The red metal is up more than 20 percent from its late January low—and that's given one stock a big boost: Freeport-McMoRan. The mining giant is up 40 percent in the same period, but one trader who relies heavily on the technicals and options market, is cautious on the stock, and he warned that the rally could be over.
"I think we're about to see some serious selling pressure in Freeport," said technical analyst Andrew Keene on CNBC's "Trading Nation" on Thursday. Despite the recent strength, Freeport shares are still lower on the year, down roughly 2 percent.

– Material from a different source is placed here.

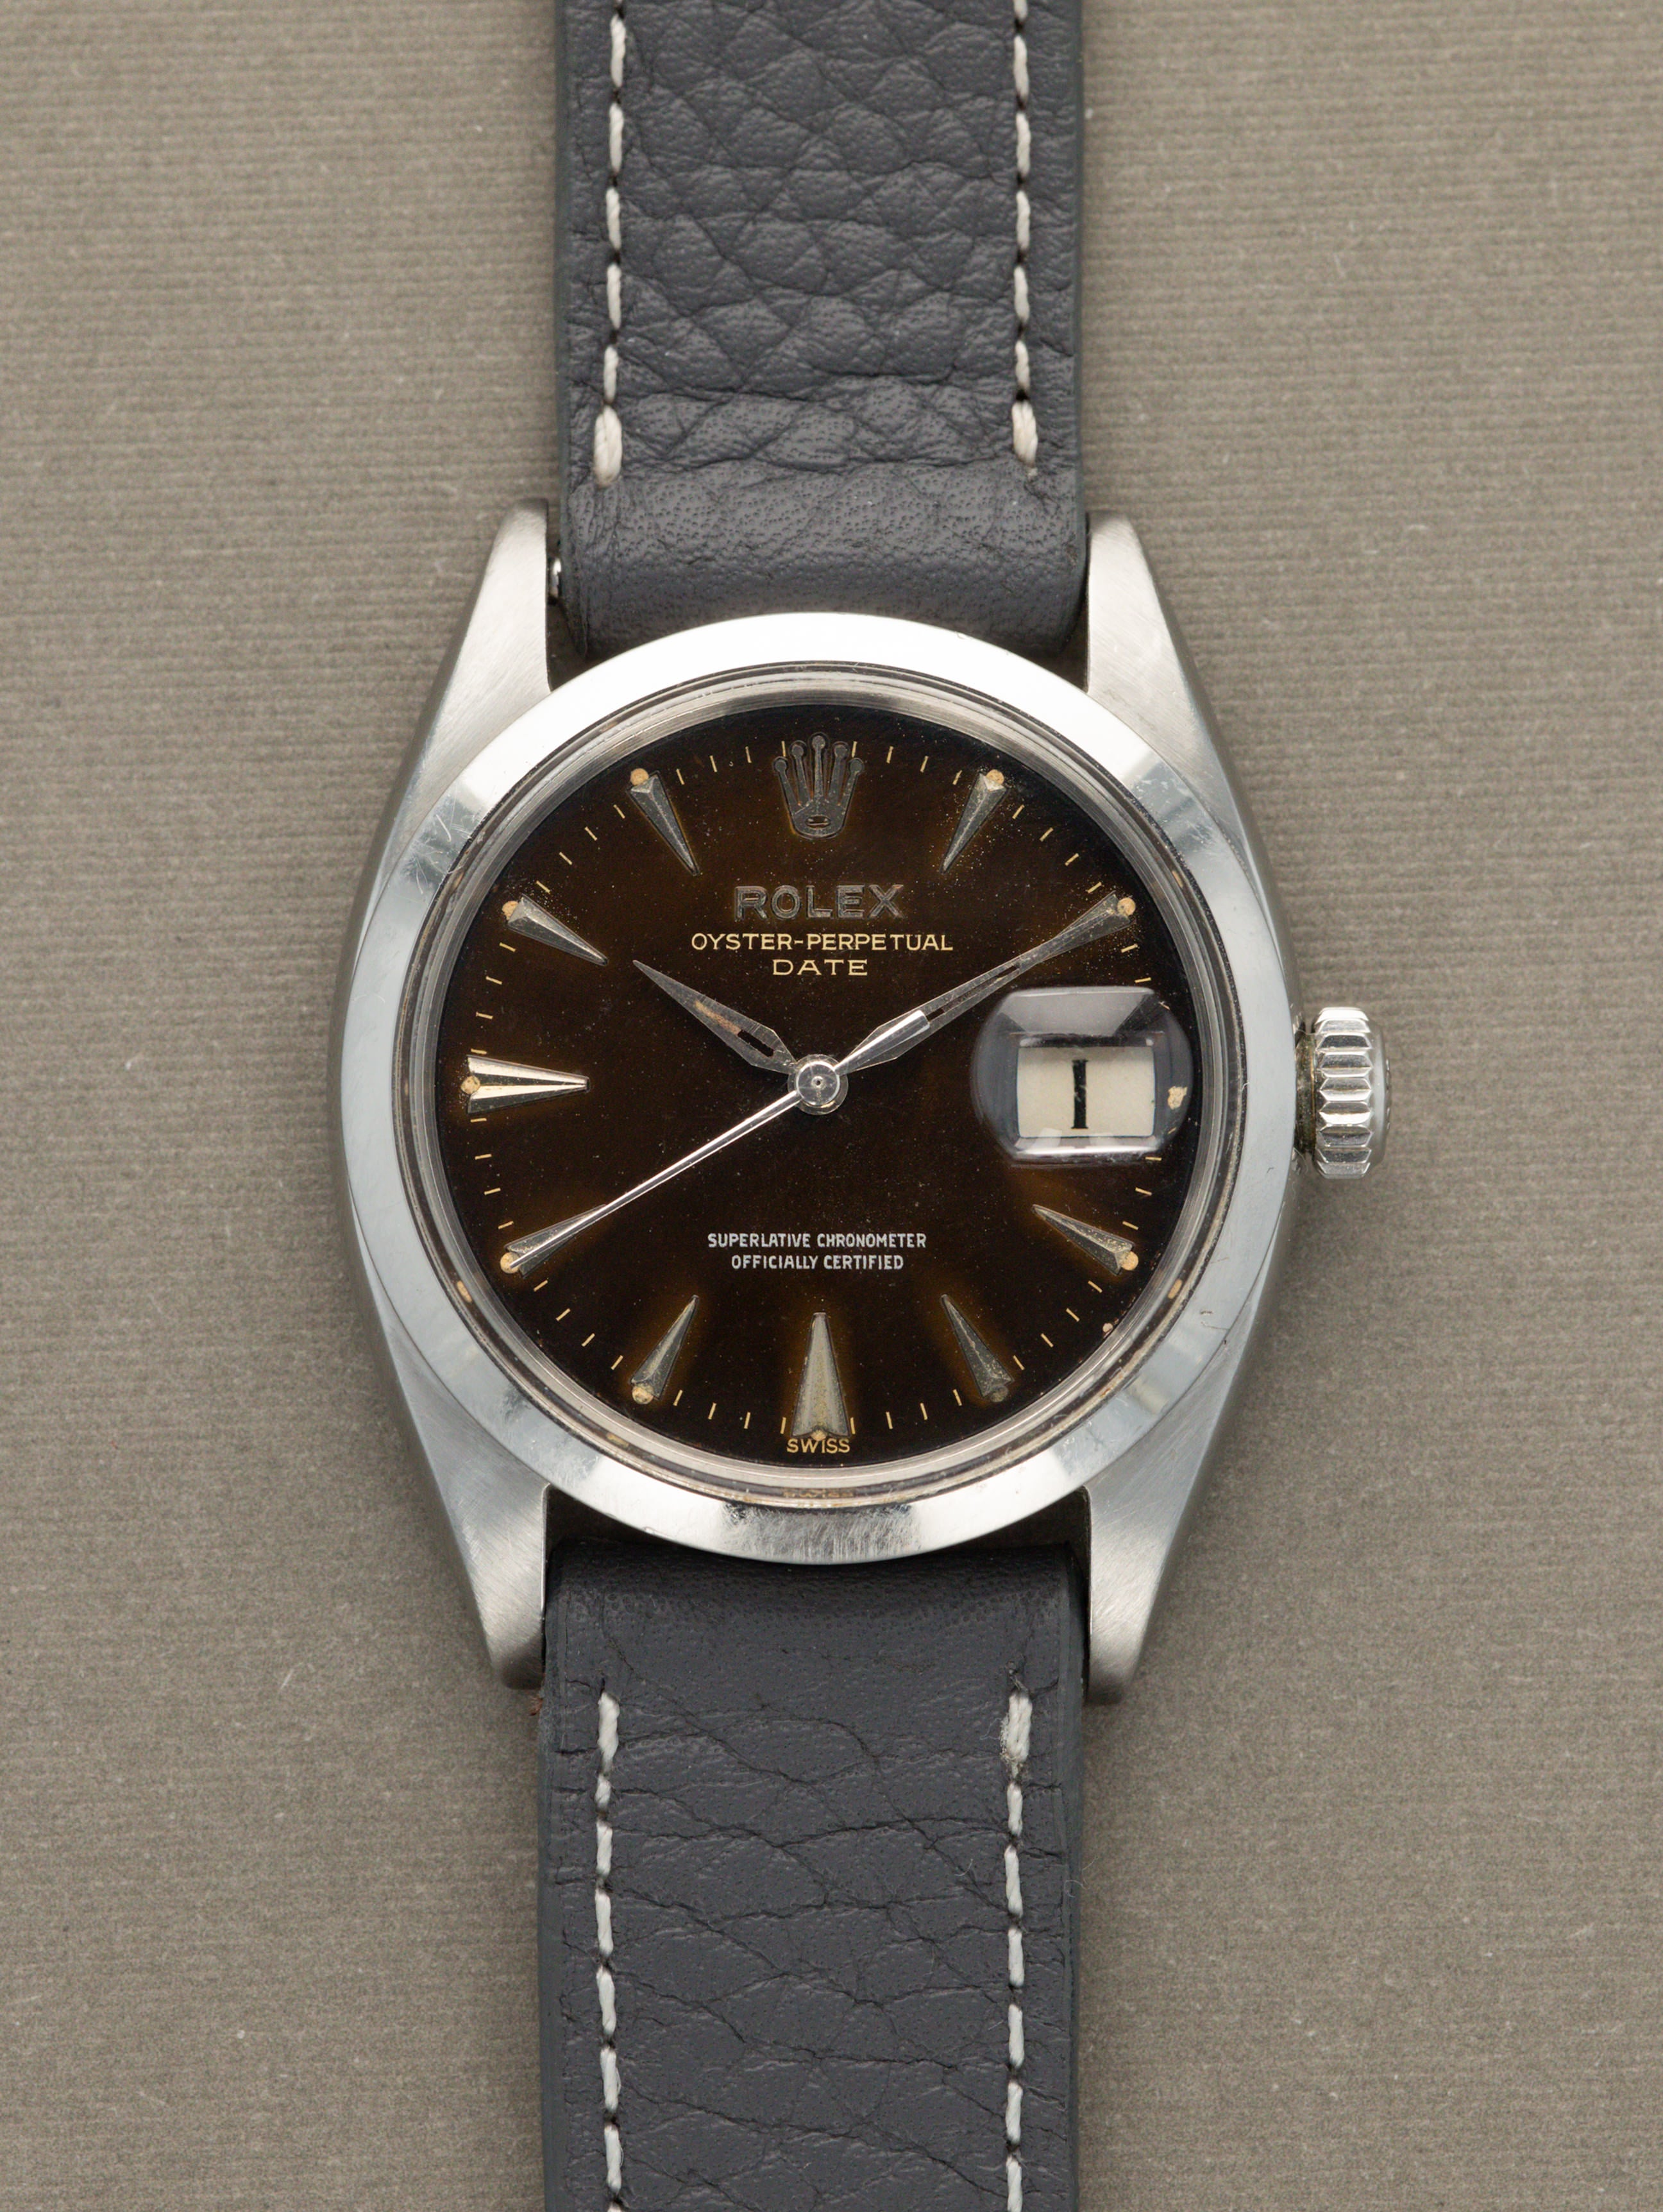 Rolex Oyster Perpetual Date Ref. 1500 - 'Tropical' Gilt Dial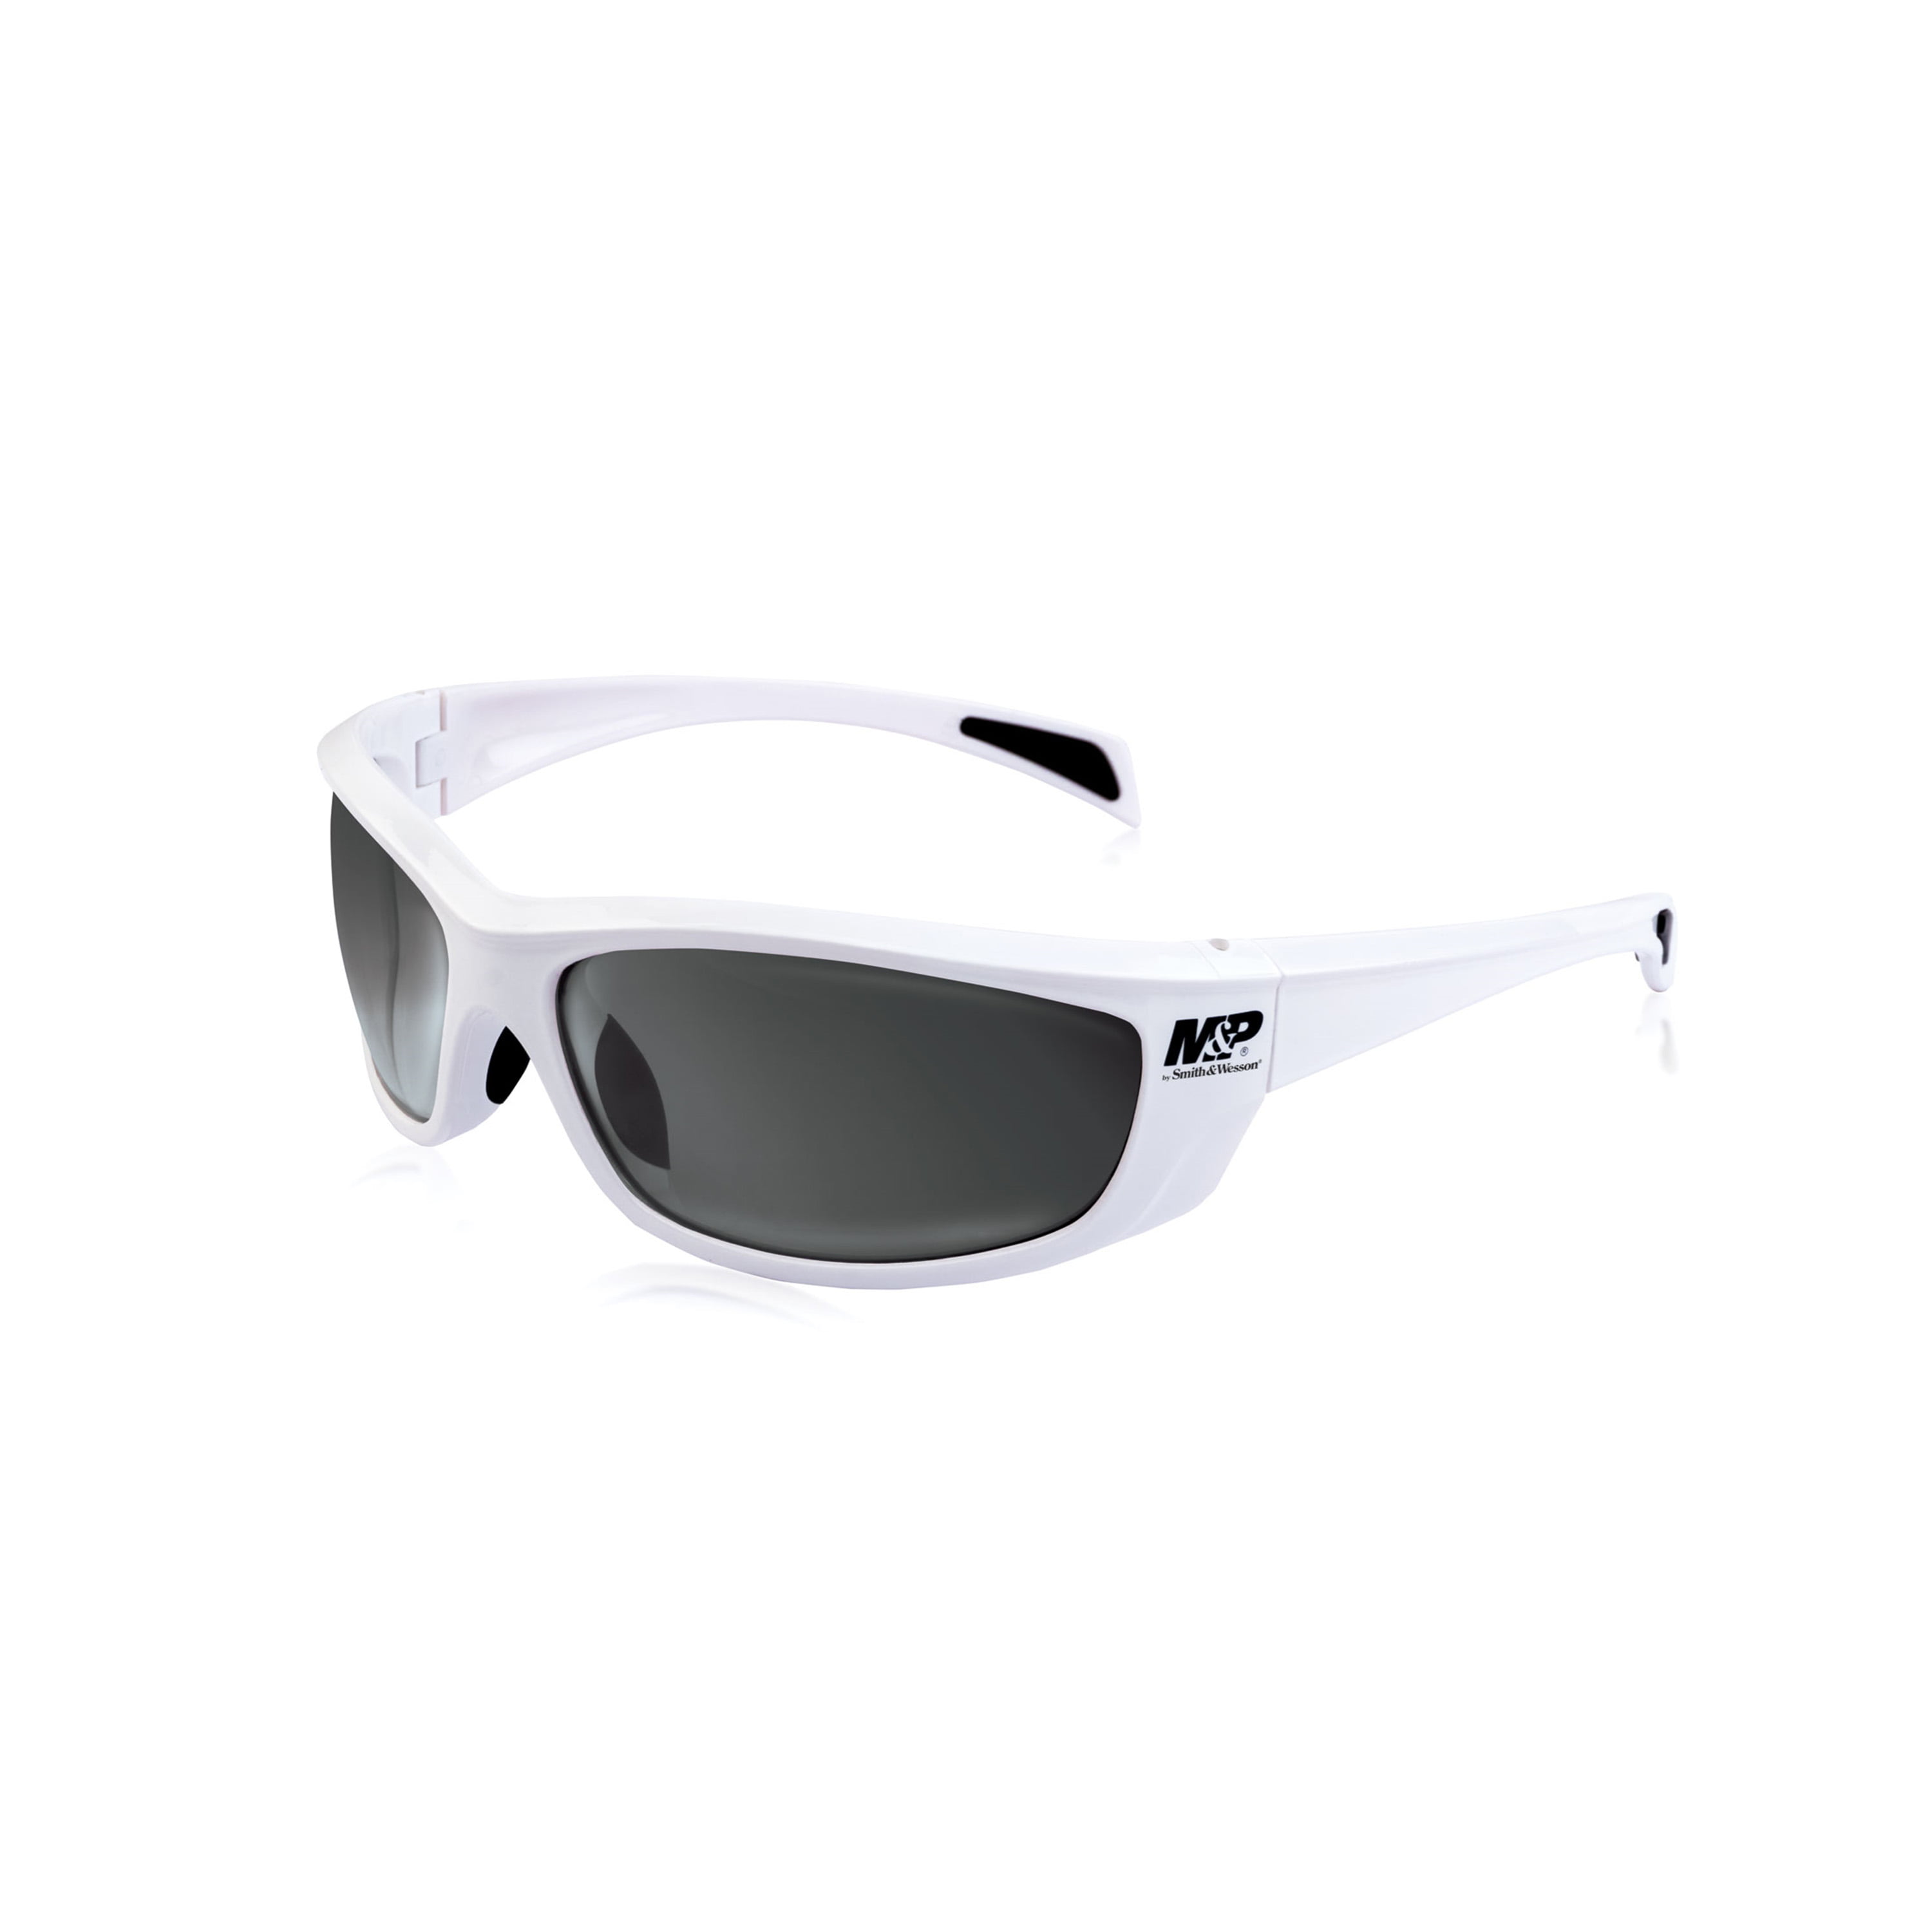 Oakley Trap Shooting Glasses - Best Oakley Shooting Safety Glasses 2020 ...

What concerns Keene most is that on a one-year chart, Freeport-McMoRan shares have shown what's called a "rounding top." Technicians often see this particular pattern as a reversal of a long-term trend. "To me, this looks like a weak stock that is about to roll over and I think it could head back to the low around $16.50," said Keene, founder of Keene on the Market. Keene also noted that FCX will run into resistance at its 150-day moving average and 200-day moving average.
In addition to the charts, Keene's says his bearish view is being confirmed by some large institutional put buying in the options market. "I'm seeing buyers of the July 23-strike puts and November 20-strike puts," he said.
The bearish sentiment in the options market, and troubling charts lead prompted Keene to purchase some puts of his own. Specifically, Keene bought the November 20-strike puts for $1.60 each. Since buying a put allows one to sell a stock at a given time for a set price, Keene's trade is profitable if Freeport shares fall below $18.40 by November expiration.
"The reason I'm picking November expiration is because we could rally up to the 200-day moving average," said Keene. "Either way I think this is a weak stock—we're going to see some sellers."